The Herald is publishing a daily series with five offseason fixes that cover the draft, free agency and trades that can help the Patriots get back to the Super Bowl.

Step No. 1: Trade for Maxx Crosby

Step No. 2: Fortify offensive line

Step No. 3: Extend key homegrown players

During the regular season, the Patriots had a No. 1 receiver.

Stefon Diggs became the first player in New England to top 1,000 receiving yards since 2019, a feat he managed despite playing 55% of the team’s offensive snaps. He was a weapon versus man-to-man coverage and zone. He played his best when his best was needed, picking up 146 yards in a primetime win at Buffalo, and 138 over a fourth-quarter comeback at Baltimore.

Then the playoffs hit.

Diggs totaled a meager 110 yards over four games, looking every bit the 33-year-old he will be next season. Elite defenses were unafraid of him and the rest of the Patriots wideouts, who struggled to separate at times and weren’t a threat to take short catches and generate explosive plays. Too often, the Patriots needed perfectly executed play design or Drake Maye to extend plays in order to sustain their passing offense in the postseason.

Life cannot be that hard if the Pats want to take the next step. Maye needs someone else to shoulder the playmaking and creation on offense. Perhaps no stat captures how much Maye powered his passing attack, the most explosive in the NFL by yards per attempt, than the fact Patriots receivers forced the fewest missed tackles per reception of any offense in the league, per Sports Info. Solutions.

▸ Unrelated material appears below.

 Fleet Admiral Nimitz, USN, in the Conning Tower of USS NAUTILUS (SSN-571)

The Pats need more explosive players who can eat up yards in space or do more damage downfield. Yards after the catch and contested catches were two areas Vrabel referenced before the draft last year when highlighting the role of analytics in the team’s evaluation process.

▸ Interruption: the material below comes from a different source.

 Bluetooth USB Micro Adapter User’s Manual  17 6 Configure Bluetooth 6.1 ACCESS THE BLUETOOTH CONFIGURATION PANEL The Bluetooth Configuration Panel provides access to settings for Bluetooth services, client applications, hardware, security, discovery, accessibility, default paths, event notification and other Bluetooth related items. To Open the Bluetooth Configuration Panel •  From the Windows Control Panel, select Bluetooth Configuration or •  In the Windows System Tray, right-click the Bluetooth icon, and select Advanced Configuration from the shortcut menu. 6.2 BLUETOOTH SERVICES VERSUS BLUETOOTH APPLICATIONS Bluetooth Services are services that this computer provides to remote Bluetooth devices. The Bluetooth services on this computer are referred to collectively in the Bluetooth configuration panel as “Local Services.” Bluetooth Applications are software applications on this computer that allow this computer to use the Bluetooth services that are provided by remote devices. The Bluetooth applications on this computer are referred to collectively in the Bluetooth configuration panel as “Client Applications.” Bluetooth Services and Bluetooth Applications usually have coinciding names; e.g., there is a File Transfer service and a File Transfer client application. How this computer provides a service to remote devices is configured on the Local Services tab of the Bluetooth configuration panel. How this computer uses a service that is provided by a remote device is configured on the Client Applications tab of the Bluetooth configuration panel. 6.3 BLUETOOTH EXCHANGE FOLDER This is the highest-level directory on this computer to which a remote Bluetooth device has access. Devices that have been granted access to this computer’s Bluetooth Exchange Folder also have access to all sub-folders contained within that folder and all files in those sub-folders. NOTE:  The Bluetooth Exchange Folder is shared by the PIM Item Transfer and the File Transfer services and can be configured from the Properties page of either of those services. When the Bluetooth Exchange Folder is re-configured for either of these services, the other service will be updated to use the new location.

‘You talk about durability, you talk about height, weight, speed, measurables, time missed, does that correlate to potential time missed in our league and the durability? So, those are all things that (analytics) can give you,” he said. “You can look at certain positions — analytically, it relates to the receivers and their drop percentage, their ability to gain yards after the catch, their contested catch or how many separation yards, right? And then you go to the next position.”